## DIRECTIONS FOR THIS TASK
A word-for-word retyping of the listing below is required, with the pictures dropped.

## PROVIDED MATERIAL

──────────

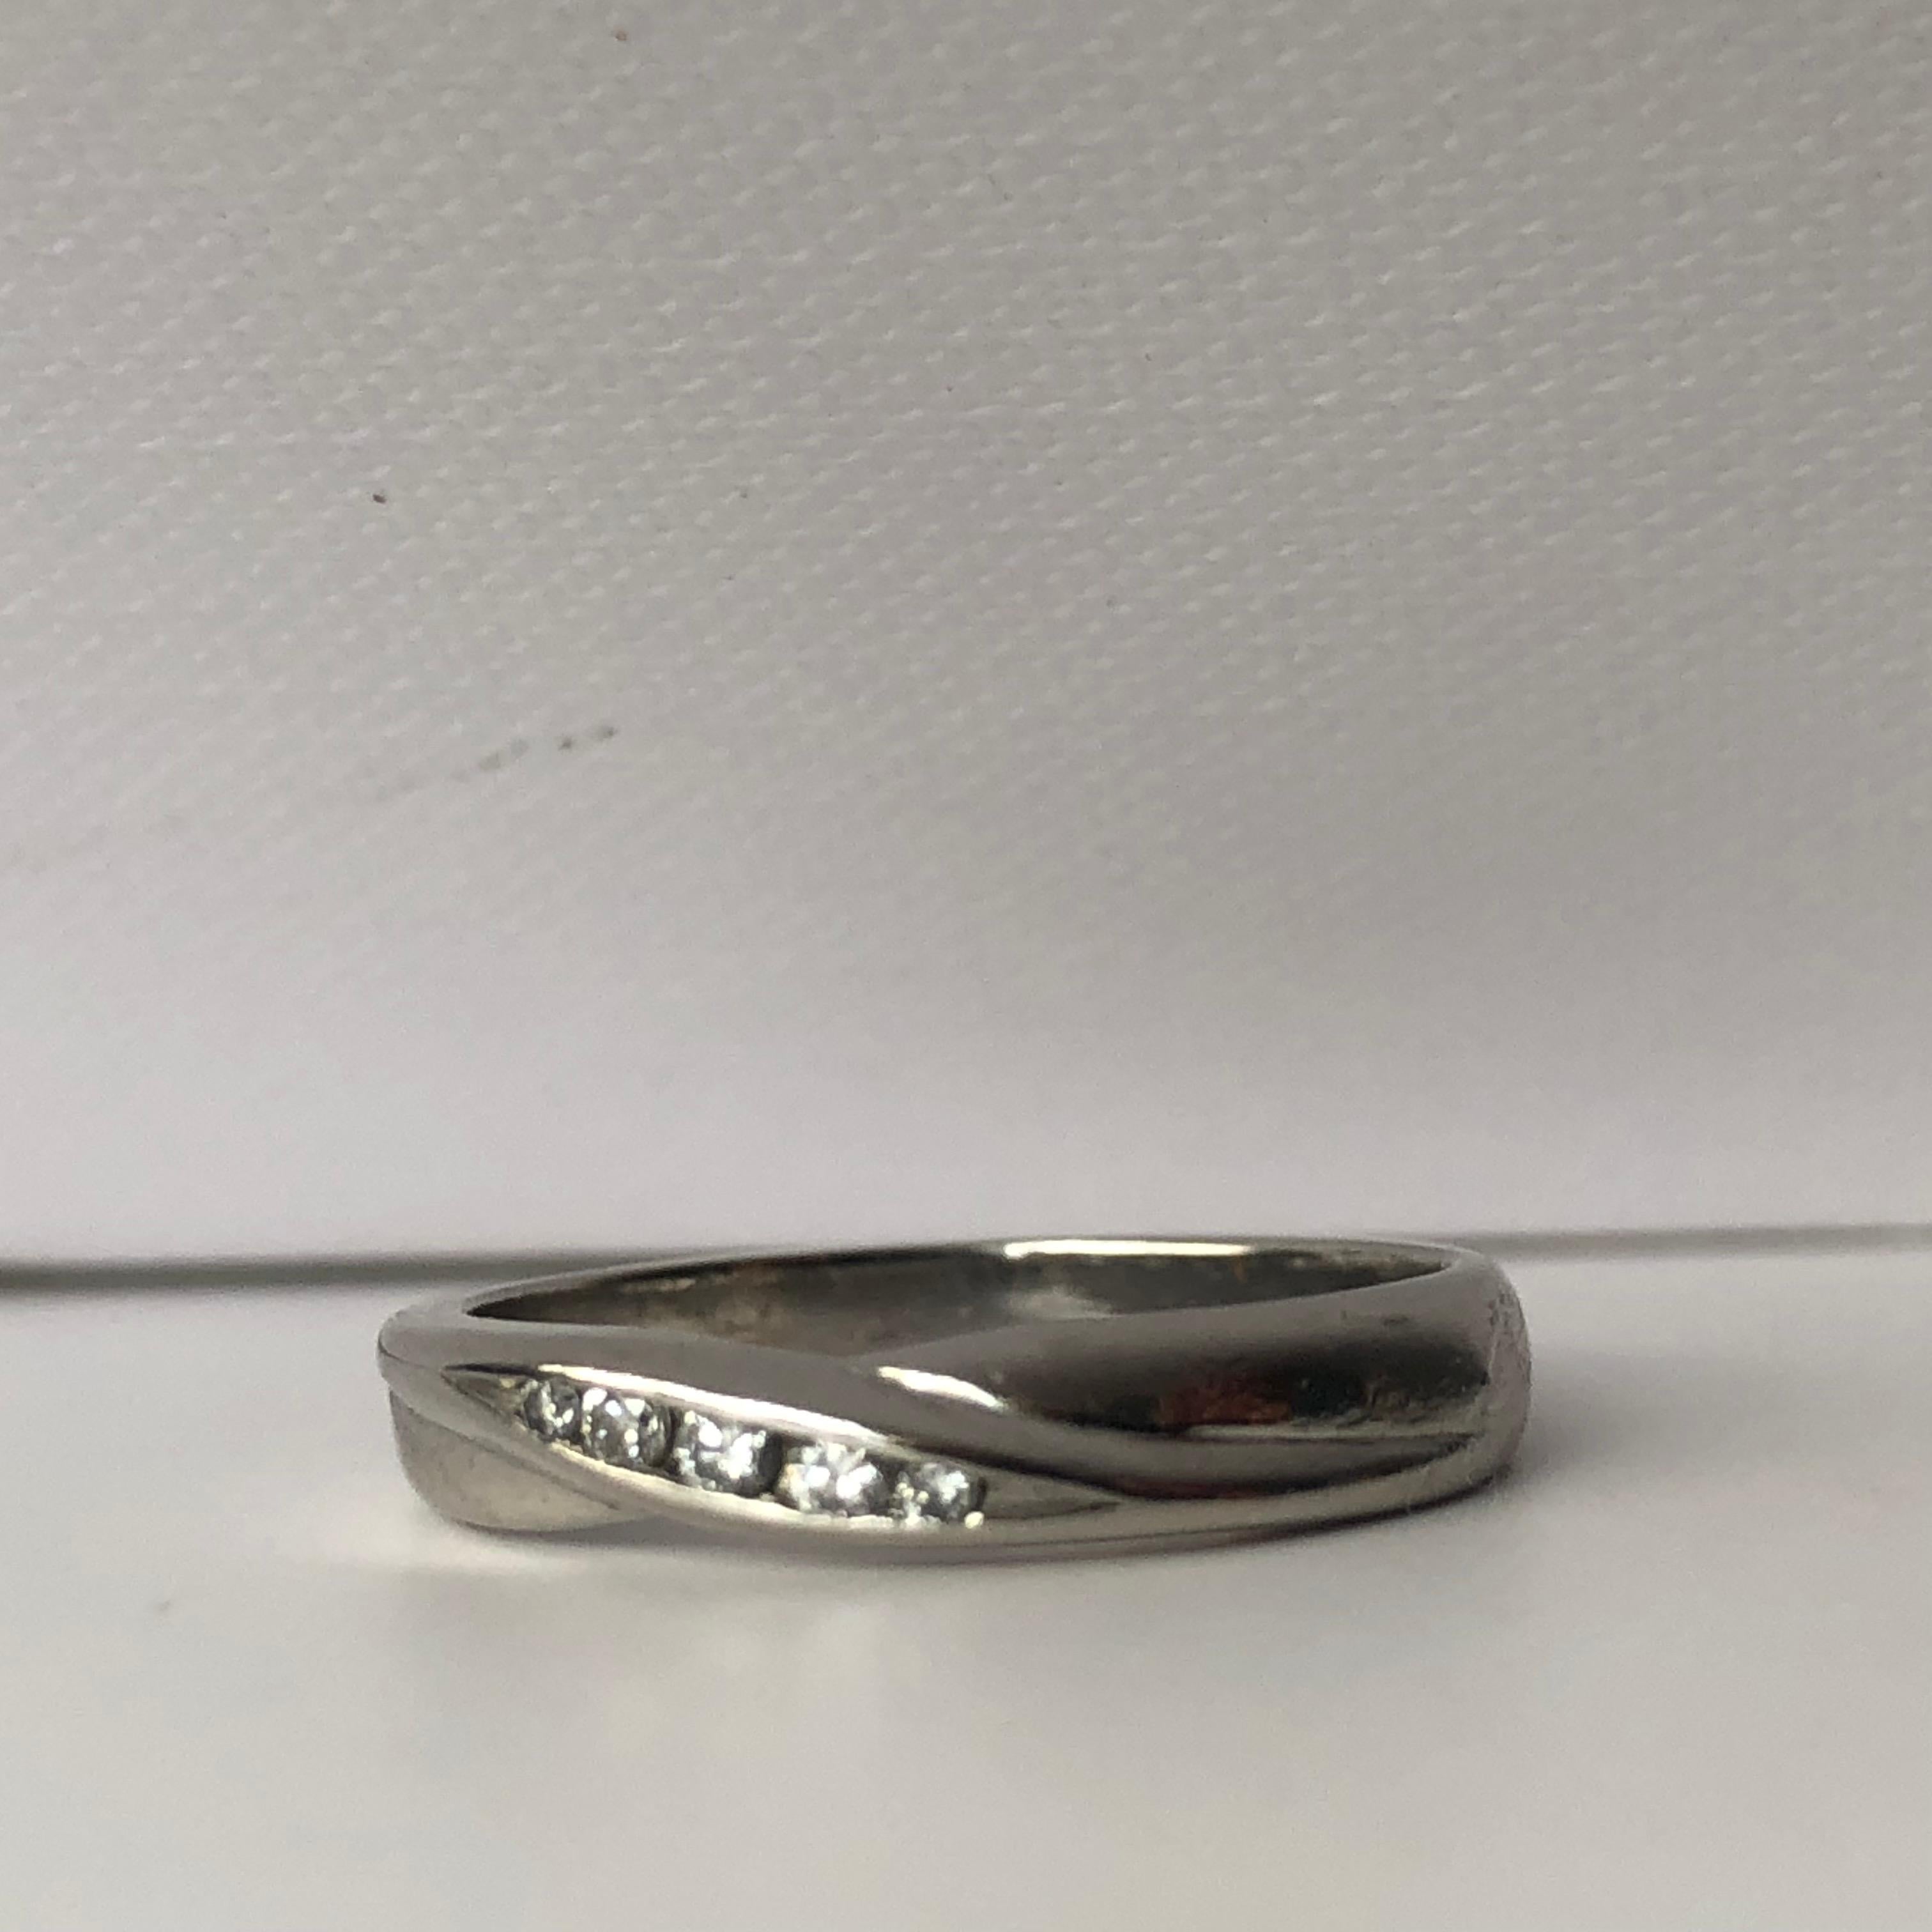 A Platinum & Diamond Wedding band

A Modern Slight Twist To The Diamond Setting 

Total White Brilliant Cut Diamond Weight .10ct 

Size L - Can Be sized for £20

──────────

## PROBLEM SOLUTION
 A Platinum & Diamond Wedding band

A Modern Slight Twist To The Diamond Setting 

Total White Brilliant Cut Diamond Weight .10ct 

Size L - Can Be sized for £20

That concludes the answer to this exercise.